Тогда он встал и нацарапал записку; в уголке остался багровый отпечаток, узор из тонких извилистых линий; Валентину было все равно.

Ответ принесли утром; сердце провалилось куда-то в пятки, прокатилась по телу холодная обморочная волна. Он боялся его открывать — и все же открыл. Длинный глубокий порез на предплечье саднил и горел. Лихорадка? Пускай.

Он понимал, что обезумел, и ничего не хотел в этим делать. Между ним и жизнью навсегда застыл мертвый Джастин, все было бесполезно, все было — все равно. И вечером Валентин, с горящими от жара щеками, с горячим, мучительным вдохом в груди спешился у ворот чужого особняка.

Алва не посмотрел на него, когда он вошел. Алва смотрел в огонь — застывший, недвижимый, но Валентин знал — это минута задохнувшегося времени, она пройдет, и человек перед ним снова превратится в алое палящее пламя. Тонкие губы изогнулись в усмешке, а потом Валентин едва устоял на ногах — внимательный взгляд синих глаз уперся ему в лицо горячим шквальным ветром. Именно от такого ветра поднимается над берегом безумная разрушительная волна...

Нужды говорить не было — Алва читал его насквозь, видел его насквозь — до последнего вдоха, до биения жилки на запястье. Его руки были тяжелыми; одна перехватила за талию, другая приподняла подбородок. Короткий, испытующий взгляд в глаза; «Пожалуйста...» Прозвучало или нет? Усмешка Алвы делается чуть шире, чуть удовлетвореннее; вслед за нею следует нежное, невесомое прикосновение губ. Недостаточно! С полустоном-полурычанием Валентин подается вперед и впивается герцогу в губы; пьет, терзает этот горячий и сладкий рот. Алва смеется, и его смех отдается вибрацией на языке Валентина; чувство падения заставляет сердце глухо ухнуть вниз, а затем снова подлететь к горлу — когда спина встречается с жесткой поверхностью стола.

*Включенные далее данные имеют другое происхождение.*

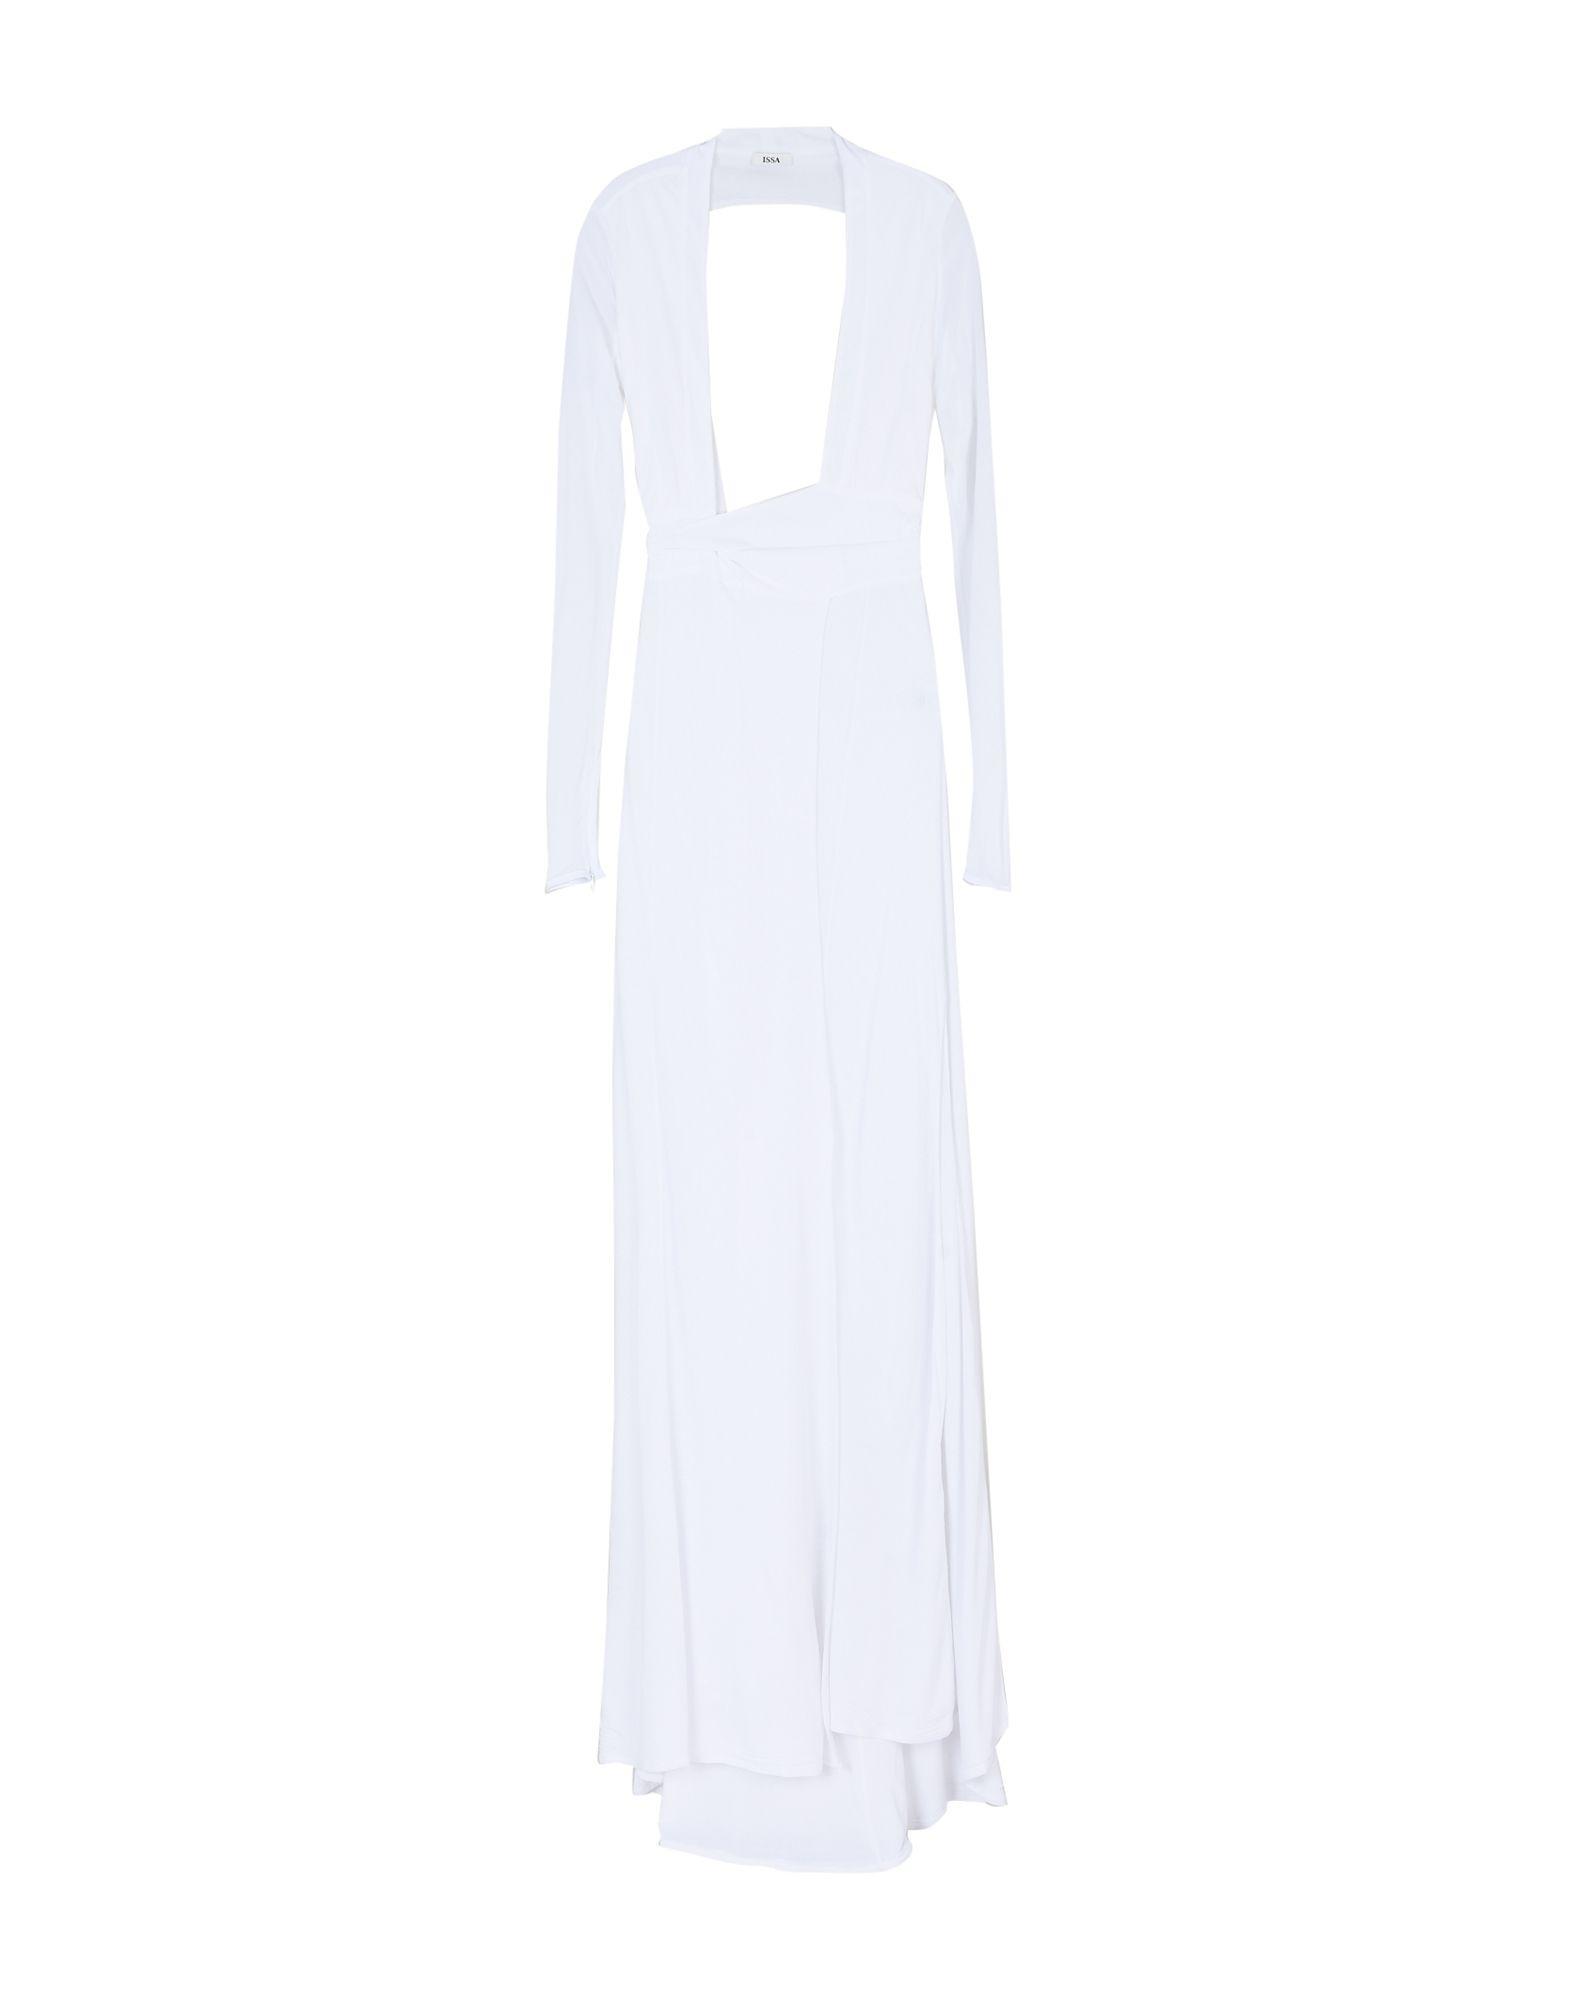 Issa Long Dress In White
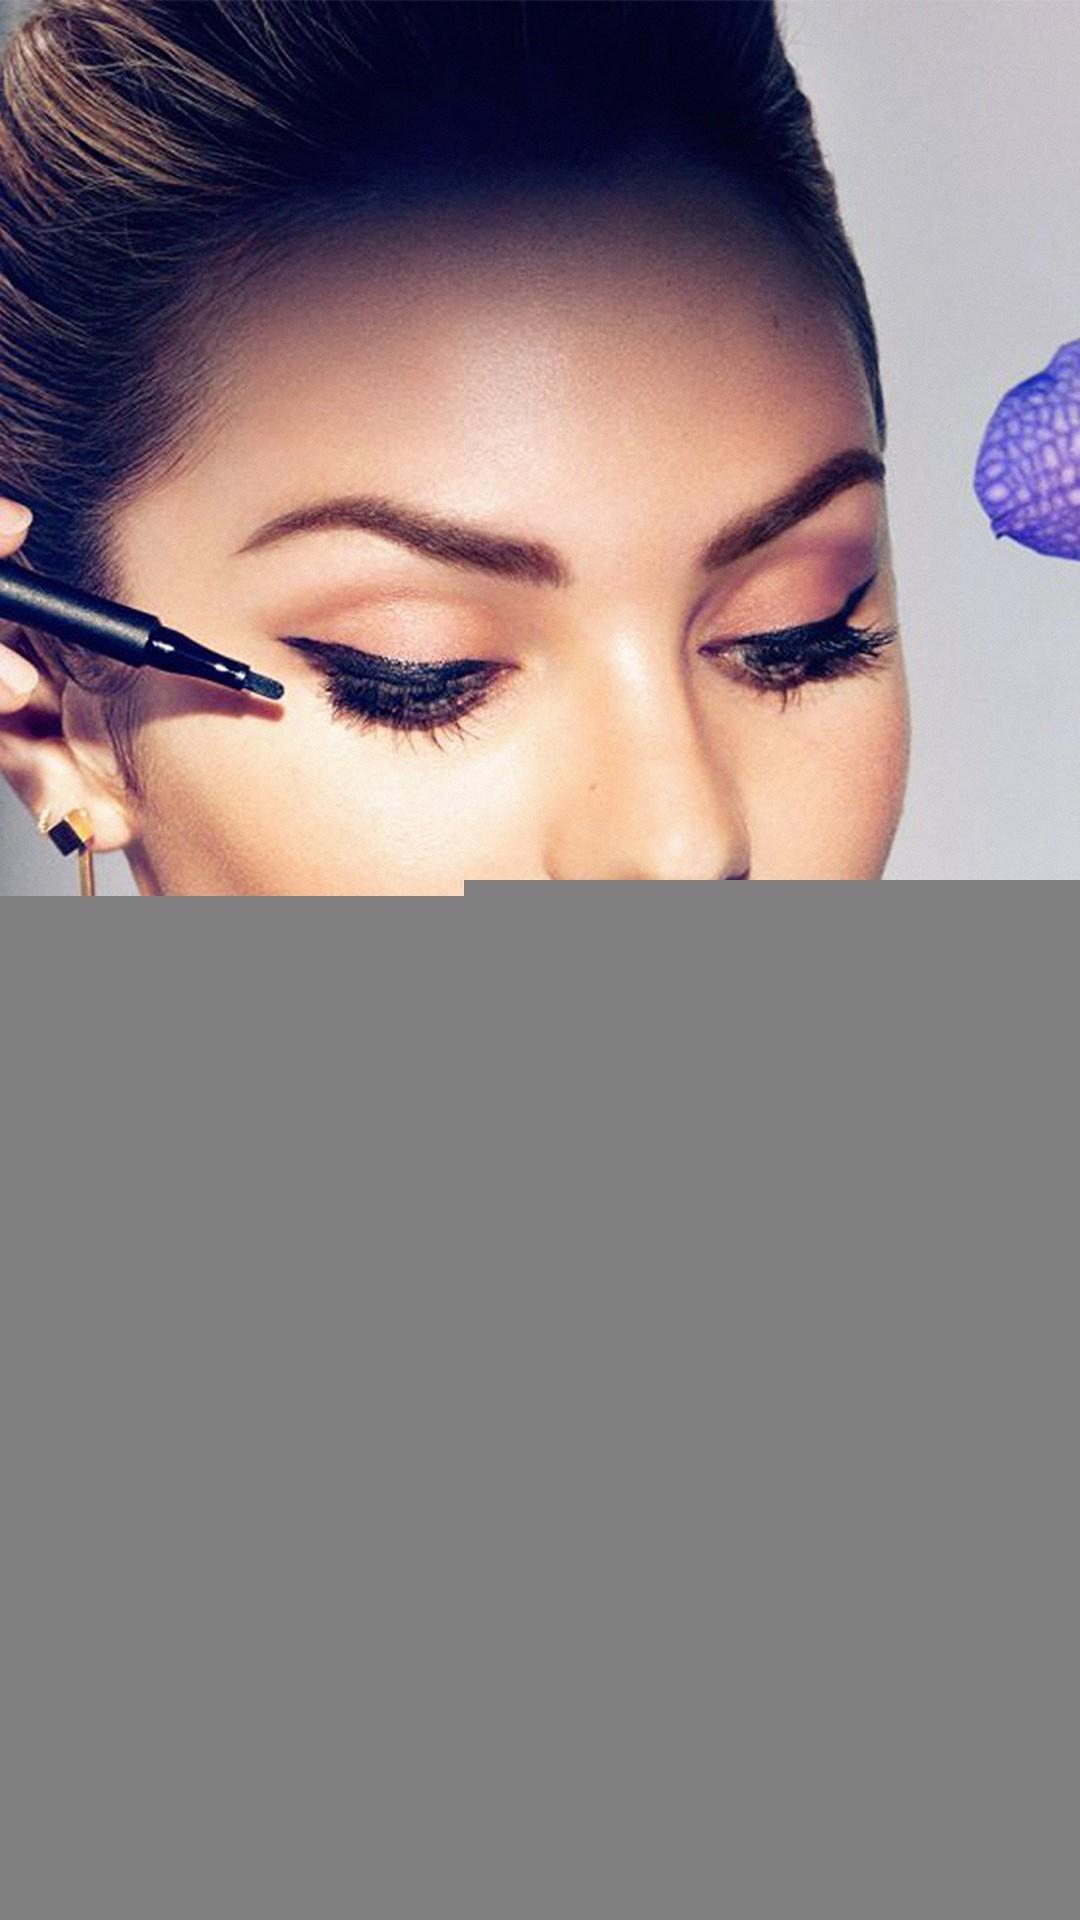 Candice Swanepoel Victoria Secret Model iPhone 8 wallpaper

Алва нависает сверху, его руки бродят по телу, рвут, дергают, мнут. Его губы терзают шею, и Валентин задыхается, выгибаясь, прижимаясь сильнее, стараясь всей своей сутью ощутить жар и силу любовника. Любовника. Слово прокатывается по венам огненной волной, и Валентин, не сдерживаясь, стонет и шепчет: «Рокэ... Рокэ...» И с каждым словом захлестывает сердце горячая будоражащая волна.

Одежды больше нет, нет ничего, кроме нестерпимого жара, кроме чужой шелковой кожи, солоноватой под губами, словно черная кровь. Чужие влажные пальцы — внутри, ранят, терзают, но все становится неважным перед лицом огромной смертоносной волны, что стоит перед глазами; бушующая, страшная мощь, пока еще держится, звенит напряжением на самой предельной своей высоте...

— Рокэ! — он вскрикивает, проламываясь под чужим напором, под безумным давлением чужой плоти на плоть. Больно! Больно! Алва подхватывает его под спину, прижимает к себе, покачивается так нежно, так плавно, что боль отступает. Дрожит, переливается закрывшая полнеба зеленая волна. Ро... кэ... Е... ще!

Если бы это было возможно, он принял бы его всего в себя, слился бы с ним, растворился в нем. Горячее стройное тело, танцующий живой огонь, алый и жгучий яд; боль, удовольствие, снова боль. Привкус крови на губах, низкий чужой стон вибрирует в позвоночнике, словно последняя капля...

— Мой! — стон, рычание, крик; судорожно стиснутые пальцы на чужих плечах.

Глубокий грудной смех.

Волна медлит еще секунду и тысячей тонн воды обрушивается вниз.

Вскочить и сесть на кровати; схватиться рукой за горло — снова, опять! Воздух раскаленным огнем распирает легкие, щеки горят; судорожное движение — словно ветерок в лицо. Рукоять кинжала холодная и тяжелая. Рука дрожит, и Валентин, не думая, проводит лезвием по чистому, не запятнанному ни единым шрамом предплечью, но тупая саднящая боль и тяжелые падающие на простыню капли не меняют ничего.

Ничего.

И тогда Валентин встает, запаливает свечу и царапает бездумно письмо.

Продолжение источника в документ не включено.